晏骏朋友众多,但大多是见了面才聊天,在软件里聊得最频繁的只有汿汿一人,他戳了戳狗,突然起了分享欲,点开了和汿汿的聊天框。
风流倜傥:【汿汿在拜年吗?】
清纯美丽可人的你汿哥:【在陪家里人看春晚等零点,有点无聊。
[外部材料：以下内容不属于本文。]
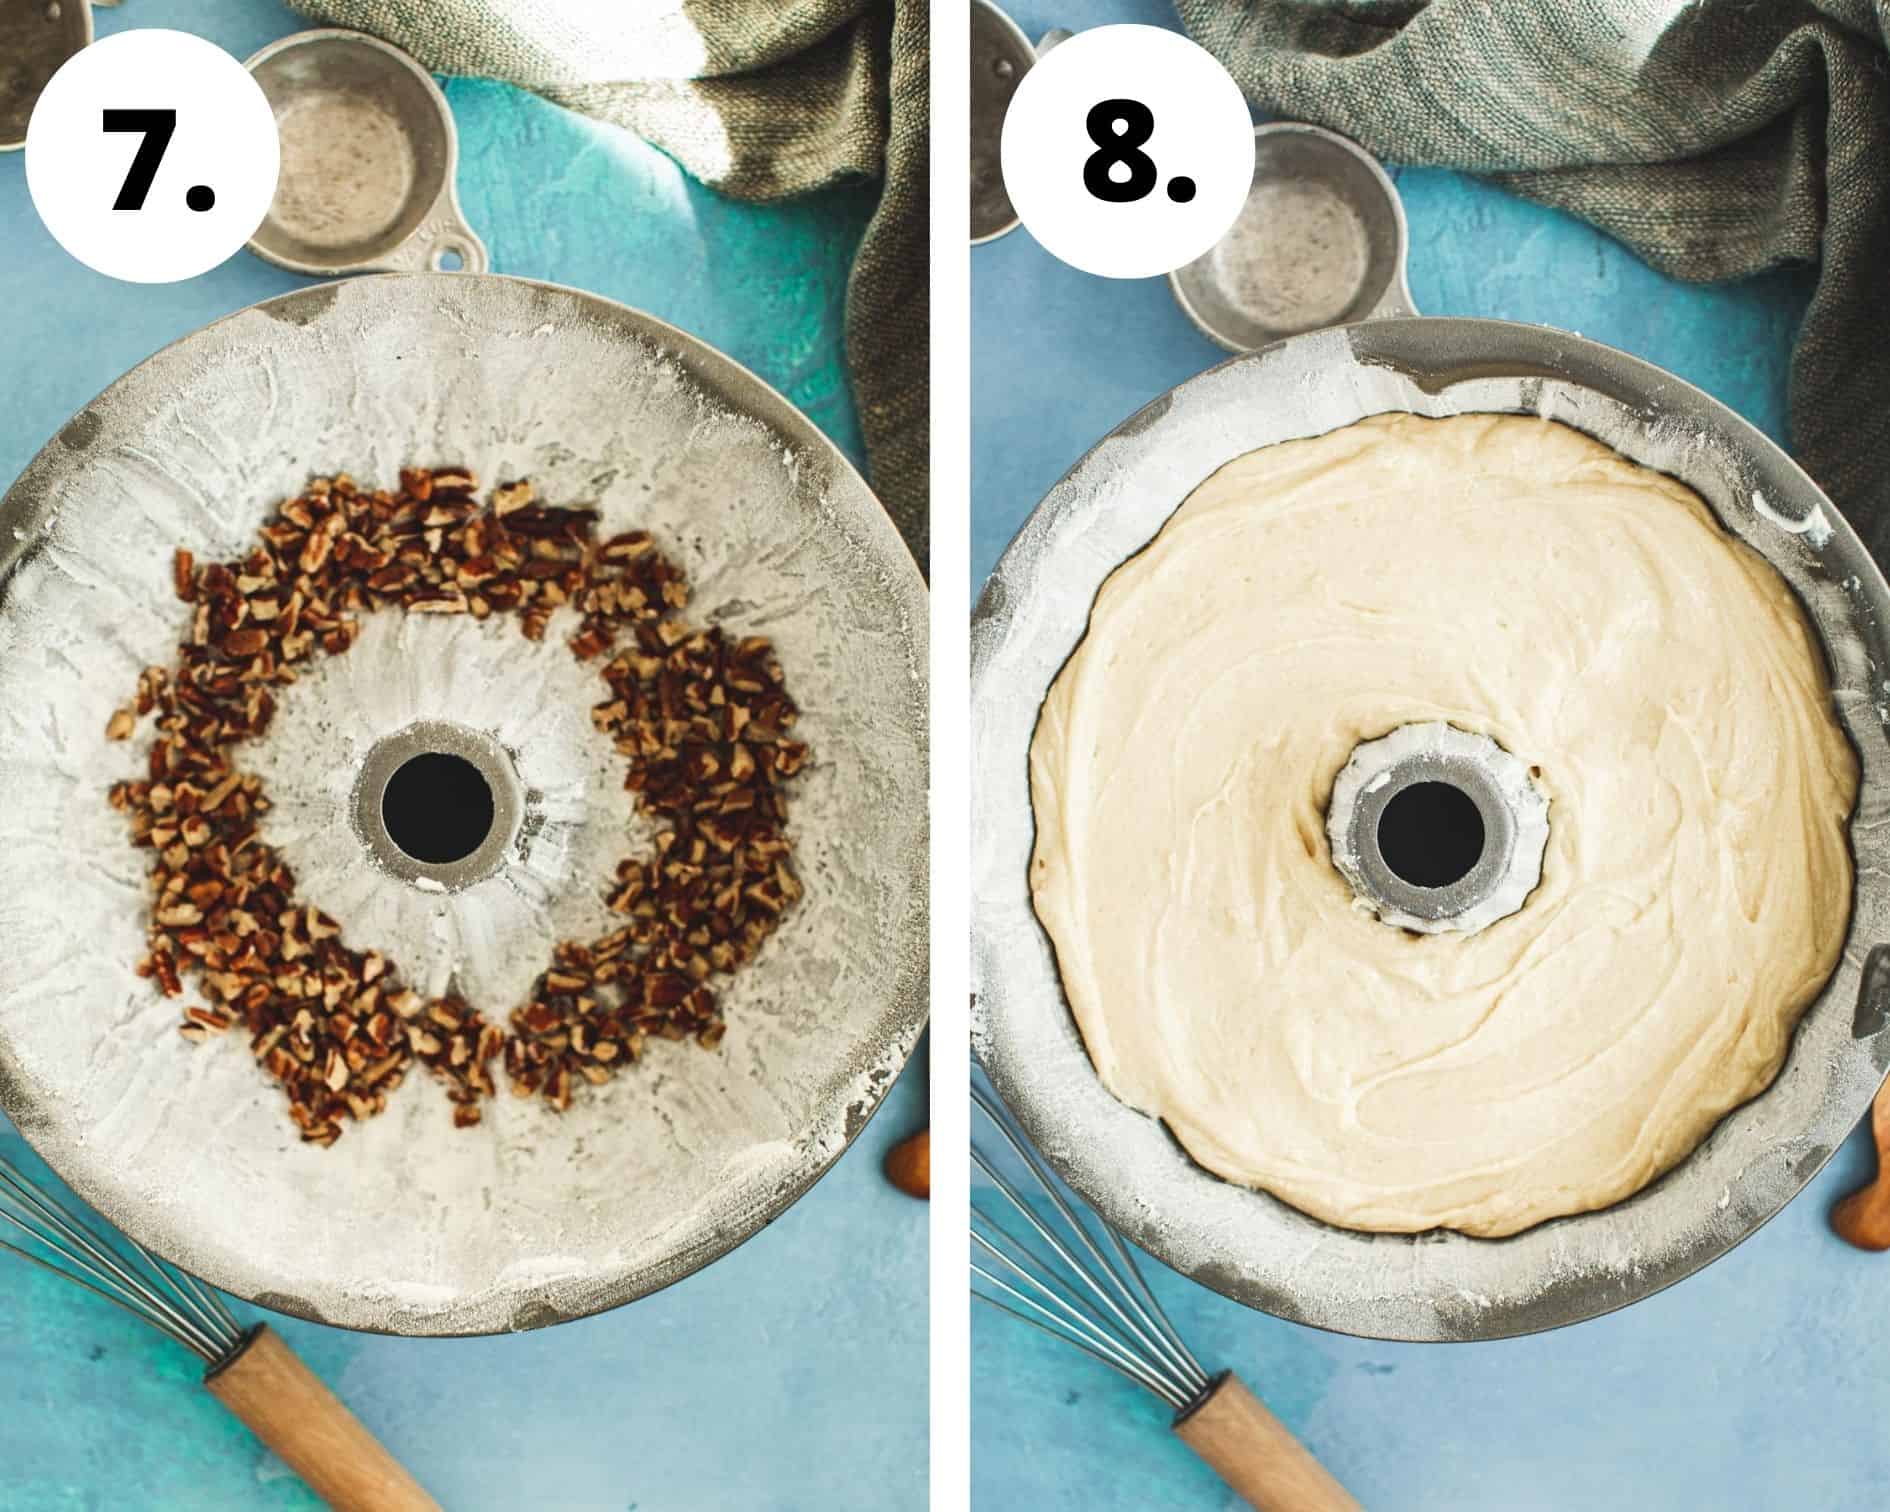 Jamaican rum cake process steps 7 and 8.

】
晏骏心里一喜,点开相册下意识要把酥饼的照片发过去,快要点到发送时想起什么,手又一顿。
汿汿和狗的主人是好朋友,肯定认识这只狗,到时候问我是谁,我该怎么答?
晏骏不怕被别人知道他是晏常之的弟弟,只不过……汿汿会因为这个对他态度有变化吗?
退出相册,晏骏编辑了一段文字发过去。
风流倜傥:【今天家里来了只暂住的狗,把我游戏机给咬坏了tt】
清纯美丽可人的你汿哥:【然后你打它啦?】
【怎么可能!我哥说要是他回来了狗少一根毛都要和我算账!】
【你哥哥的狗吗?】
【唔……他朋友的,暂时放在这里,现在睡在我的床上,很霸道地占了中间位置。】
晏骏挑了一张没露出狗脸的照片发给汿汿,图片上的酥饼四脚伸直侧躺着,白色的毛有些打卷。
【哈哈哈,好可爱,和我认识的一只狗狗很像。】
看汿汿有继续跟他聊下去的意思,晏骏打起了精神,他注意到手机左上角的时间还有五分钟就到零点。
风流倜傥:【你喜欢狗吗?】
两人就着狗的话题闲扯了几句,聊到一半时,晏骏掐着点,发了一句新年快乐过去。
如他所料,汿汿停留在聊天界面,几乎是秒回。
晏骏心满意足地截图,和汿汿说了早点睡,洗漱完进了被窝里。
以往都是睡在大床正中央的晏骏被挤到床边,他抬手戳了下狗爪子,在睡前惯例的胡思乱想中,猜测他哥是为了谁,才在大年夜出门赶往机场。
晏骏有个优点,是无论什么时候,沾床不到五分钟就会秒睡,就在他即将完全陷入睡眠的前一秒,半梦半醒间,卧室门“吱呀”
开了一条小缝,一个戴口罩的身影在门口发出了“嘬嘬嘬”
的声音。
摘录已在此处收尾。